许菱双说:“吴医生已经给婆婆检查过了,婆婆的脑子受到了一点刺激,所以记忆出现一些混乱,暂时看上去也确实有点儿奇怪。但我们已经观察很久了,婆婆可以正常生活,也不需要别人照顾。她本来就已经回娘家了,现在自然也是要住在这里的。”
梁父知道许菱双在跟一个老中医学医术,听她这么一说,便有些犹豫的说道:“可是咱们村的大夫明明说她中风瘫痪了……”
“那是个赤脚大夫,最多治个头疼脑热。如果婆婆真的瘫痪了,那她现在是怎么能走路的?”许菱双说:“就算婆婆真的瘫痪了,那也归你们管。因为她已经是小庙村的人了,要是下回你们再把她随便丢到我们双井村去,我跟秦远就去找你们公社书记,让你们全都去牛棚改造。”
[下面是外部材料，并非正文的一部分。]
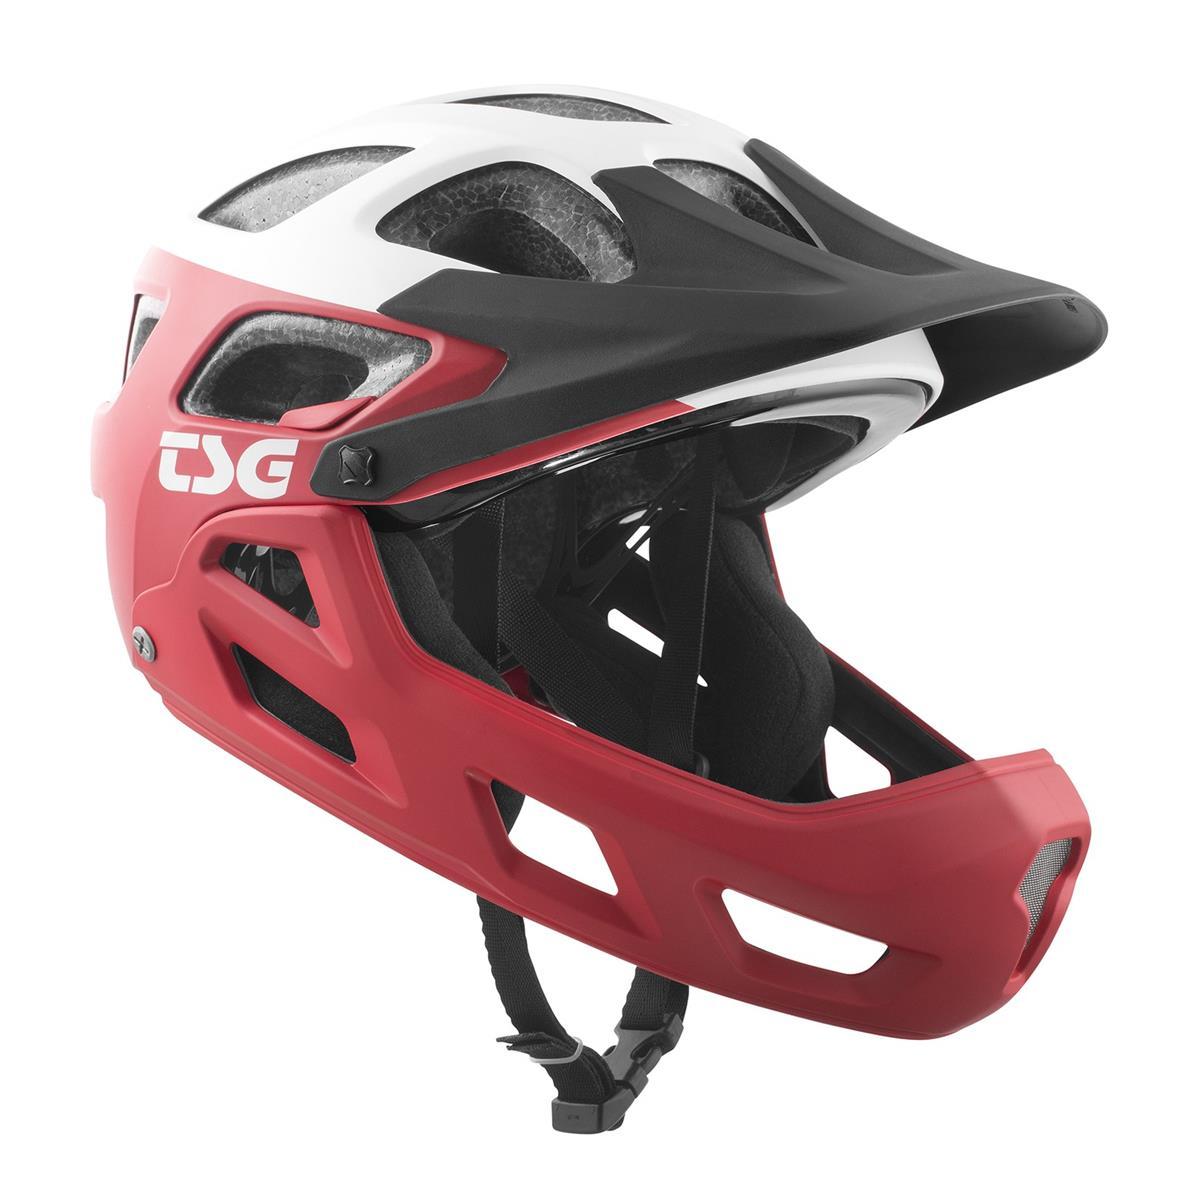 TSG Kids Trail-MTB Helm Seek Graphic Design - Block Rot/Weiß

“让我们去牛棚改造?凭什么啊?”梁家大弟不服气的吼了起来。
许菱双冷静的说道:“就凭你们草菅人命,昨天你们村的大夫已经查出婆婆生病,但你们却把她丢出去了,婆婆差点出大事。还有,你们把婆婆丢出来,但婆婆离婚时候分到的钱款跟收音机还有别的东西全都没见着。我要是没猜错,那些东西都被你们偷走了吧?偷那么多钱可是大罪,别说关牛棚了,就算关进监狱,都是正常的。”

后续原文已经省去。